In his book The Culture of Narcissism (1979), Christopher Lasch uncannily predicted the perilous state of the contemporary subject. He anticipated a cultural landscape surplus with images of desire rendering the subject beholden to an amalgamation of preexisting material confronting them through the pervasive mediums of photography and the ever-present wallpaper of screen culture.1 In 2024, the Museum of Contemporary Art Australia (MCA) exhibited a fragmented survey of Tacita Dean’s oeuvre. The works selected for this exhibition reveal an artist working in archival materials, and invested in historical citations and references points as a means of presenting something of herself. The exhibition, Tacita Dean, exemplifies Lasch’s articulation of the then-emerging and now-realised contemporary subject — a curated personality; a performing self forged by ‘an impenetrable network of social relations’ whose ‘only reality is the identity [s]he can construct out of materials furnished by … film and fiction, and fragments torn from a vast range of cultural traditions’.2
This survey is the largest exhibition of Dean's work in the Southern Hemisphere. It emphasises her video work alongside monumental chalk drawings, photography and archival object installations. Dean’s fixation on curation is woven throughout the exhibition and is poetically discussed in a recent film, One Hundred and Fifty Years of Painting (2020). The film is a conversation between painters Luchita Hurtado and Julie Mehretu. The women discuss their artistic lives across a vase of orchids and lilies. Hurtado and Mehretu meander on the topic of art history’s networked existence. They discuss the solidification of symbolic and textural intellectual richness. Their discussion exists like a labyrinth, moving between ideas of technique, recollections of artists and movements, and the realisation of their painterly practices. Hurtado and Mehretu are inadvertently discussing the curation of their artistic lives. In a way, the women mirror Dean’s own oeuvre. Much like Dean, Hurtado and Mehretu can only conceive of themselves and their work in relation to existing notions of what it means to be an artist.

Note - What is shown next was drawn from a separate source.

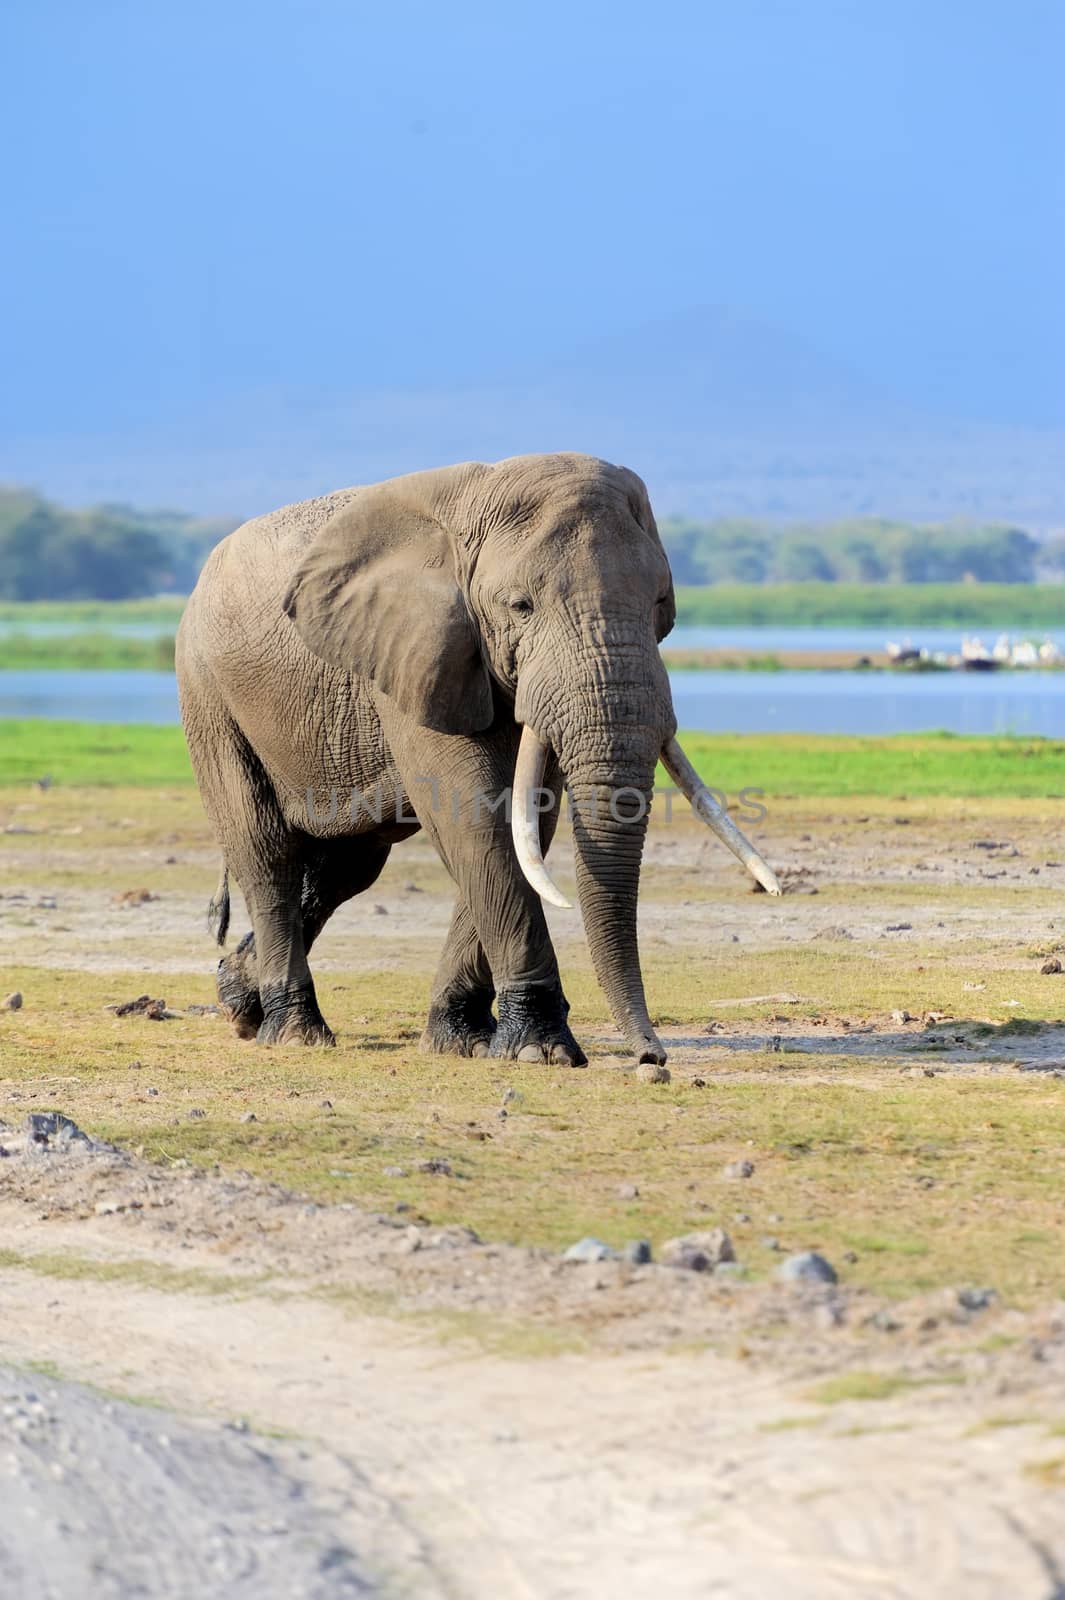 Elephant in National park of Kenya by byrdyak

In Dean’s video work, Claes Oldenburg draws Blueberry Pie (2023), the artist Claes Oldenburg very methodically works on drawing as he speaks of his work. In this film, Dean seems to conflate her artistic identity with Oldenburg. Manifesting what Norman Mailer conceives of when he notes, ‘the first art work in an artist is the shaping of his own personality’.3 These two films reveal Dean’s artistic inclination to curate her personality from preexisting materials. Her work, thus, becomes a navigation through the art historical web. A movement that seeks to ensure the artist’s status as a cultural figure.
The most intriguing work featured is Buon Fresco (2014). The film is composed of still frames — a composition that resembles a colour field abstraction. The film captures and abstracts Giotto di Bondone’s painting, The Life of St Francis (1296) in the Upper Basilica of St Francis of Assisi, Italy. Using a macro-lens and a mechanical lift, Dean sought to reproduce Giotto’s painting, emphasising his technique and material process.

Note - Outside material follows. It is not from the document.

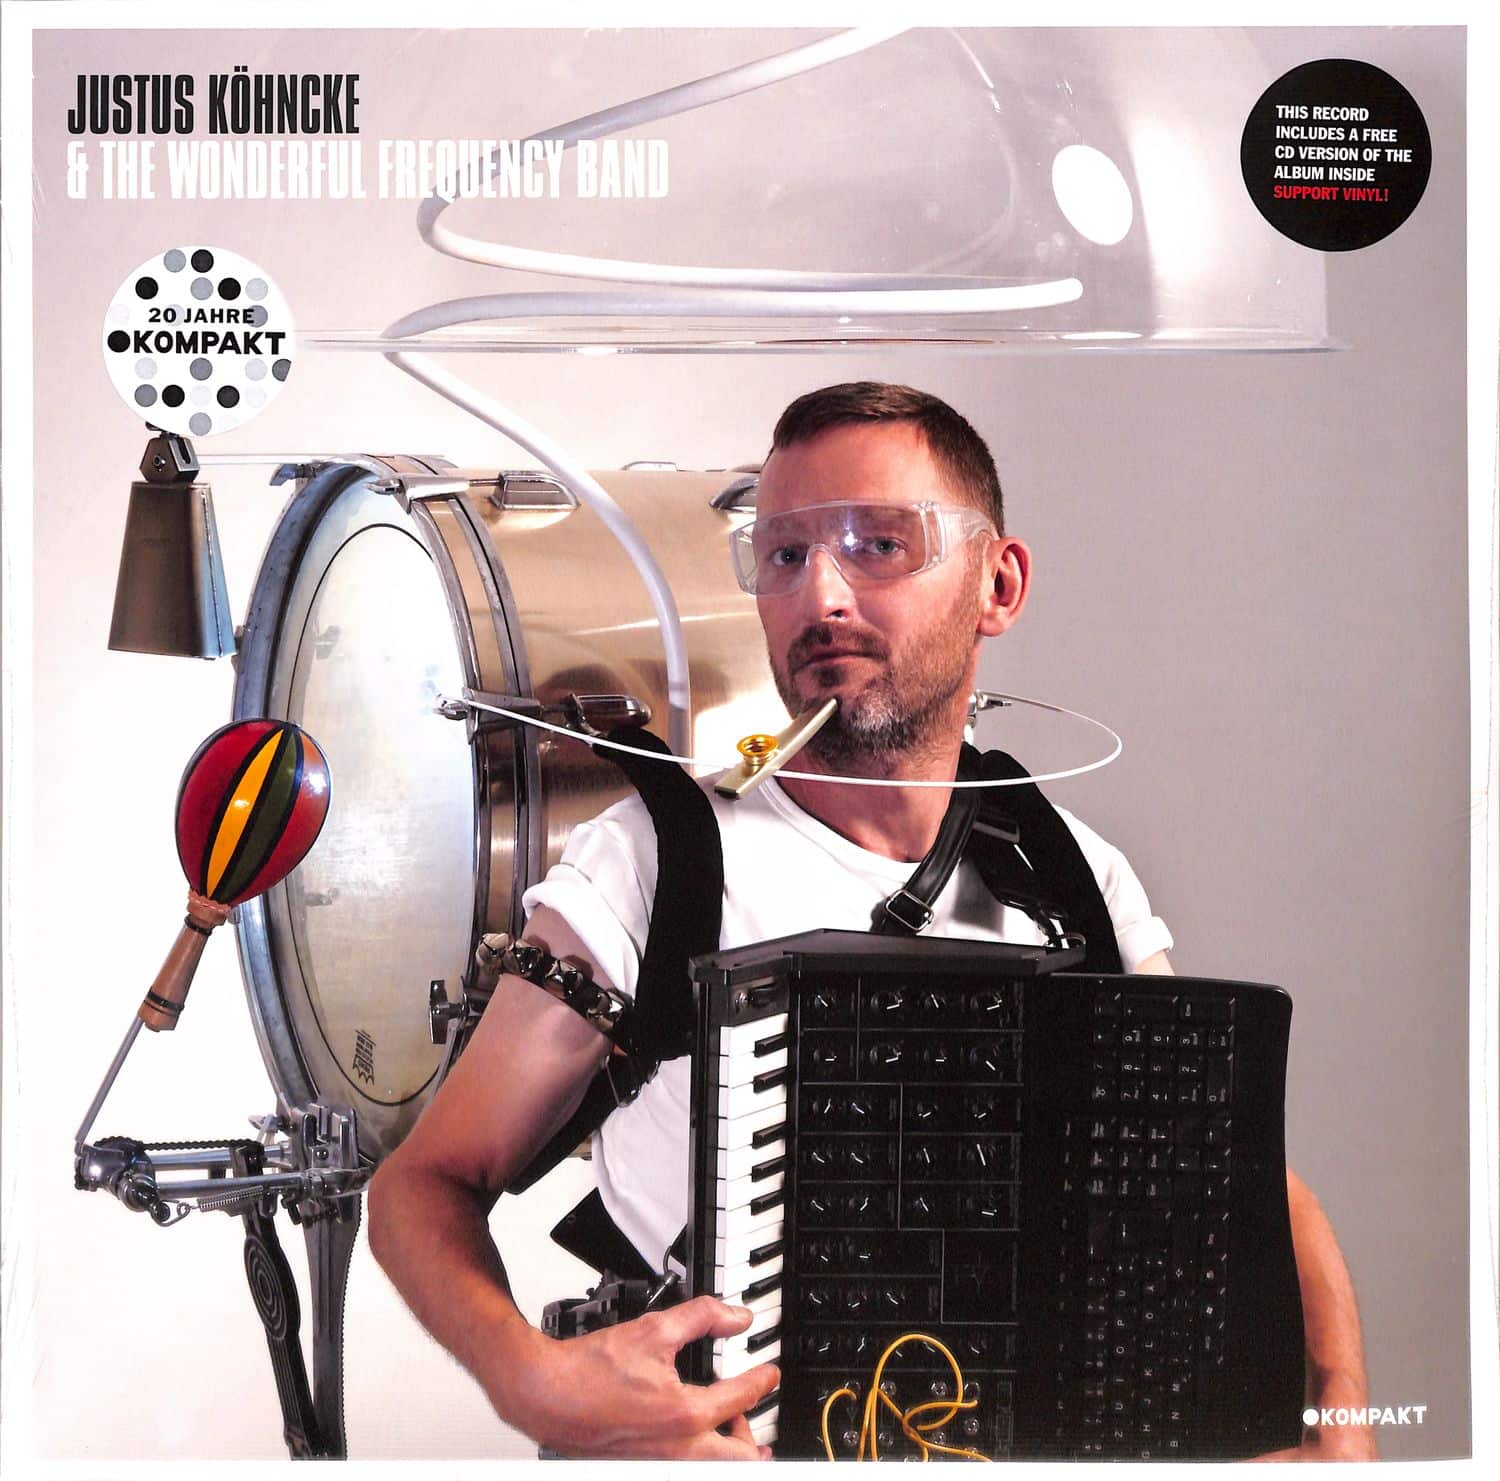 Justus Koehncke - JUSTUS KOEHNCKE & THE WONDERFUL FREQUENCY BAND

The MCA exhibition guide describes Dean’s artistic sensibility as a ‘sensuous’ approach ‘to the optical effects of colour and light’.4 The film and media professor Ágnes Pethő, in her essay on Dean’s Affective Immediately, emphasises how these sensations are but an augmentation of the structural whole. By emphasising the sensual, Dean abstracts Giotto but remains attached to his artistic persona. With Affective Immediately, Dean entices the audience to practise noticing. She is enticing a sensuous experience of Giotto’s painting. There is an ode to attention and contemplation, an element of the mystical. Yet, the fact that Dean so overtly associates herself with Giotto, through creative suggestion, perhaps partially obscures the attentive qualities of the film. Rather, Dean subverts the mystical, the unknown, and what could have been avant-garde.

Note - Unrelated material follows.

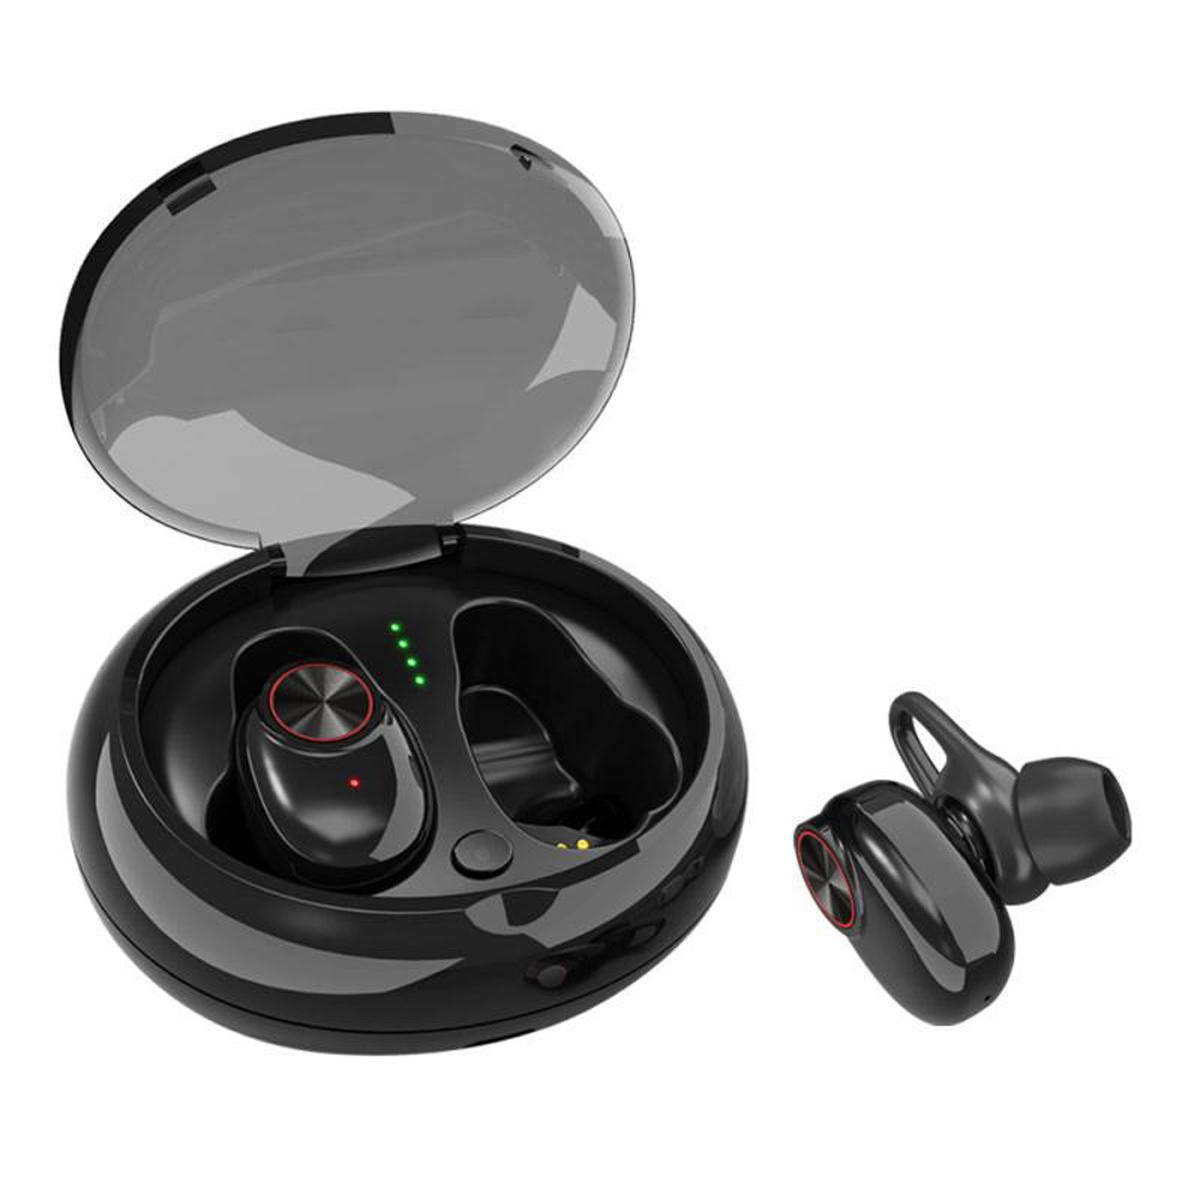 [Bluetooth 5.0] Echte draadloze oordopjes Ruisonderdrukkende hoofdtelefoon Deep Bass HD 3D Stereo Su

The sensuous quality of Dean’s films and the attentive rigour demanded is enticing. Dean emphasises the importance of looking and the banal. The experience of texture, stained grit and pentimenti within the opaque ambience of rolling film is transcendent as a practice. But culture demands more than appreciation. Culture demands the associative narrative. The material quality of Dean’s works is compelling, as her films embody an appreciation for the sake of pleasure. However, as Lasch suggested, the contemporary subject — and artist — no longer exists outside of the socialised web. Dean, as an artist, only exists within her curation of historical and textural references. The contemporary artist exists only as a fragment of the structural whole. Dean does not resist what Lasch proposes, rather, she bolsters her films by placing herself within a web of artistic lineage/s.
- [1] Christopher Lasch, The Culture of Narcissism, New York: Norton, 1979.
- [2] Ibid.,pp. 166-67.
- [3] Norman Mailer, The Presidential Papers, New York: G.P. Putnam's Sons, 1963, p. 284.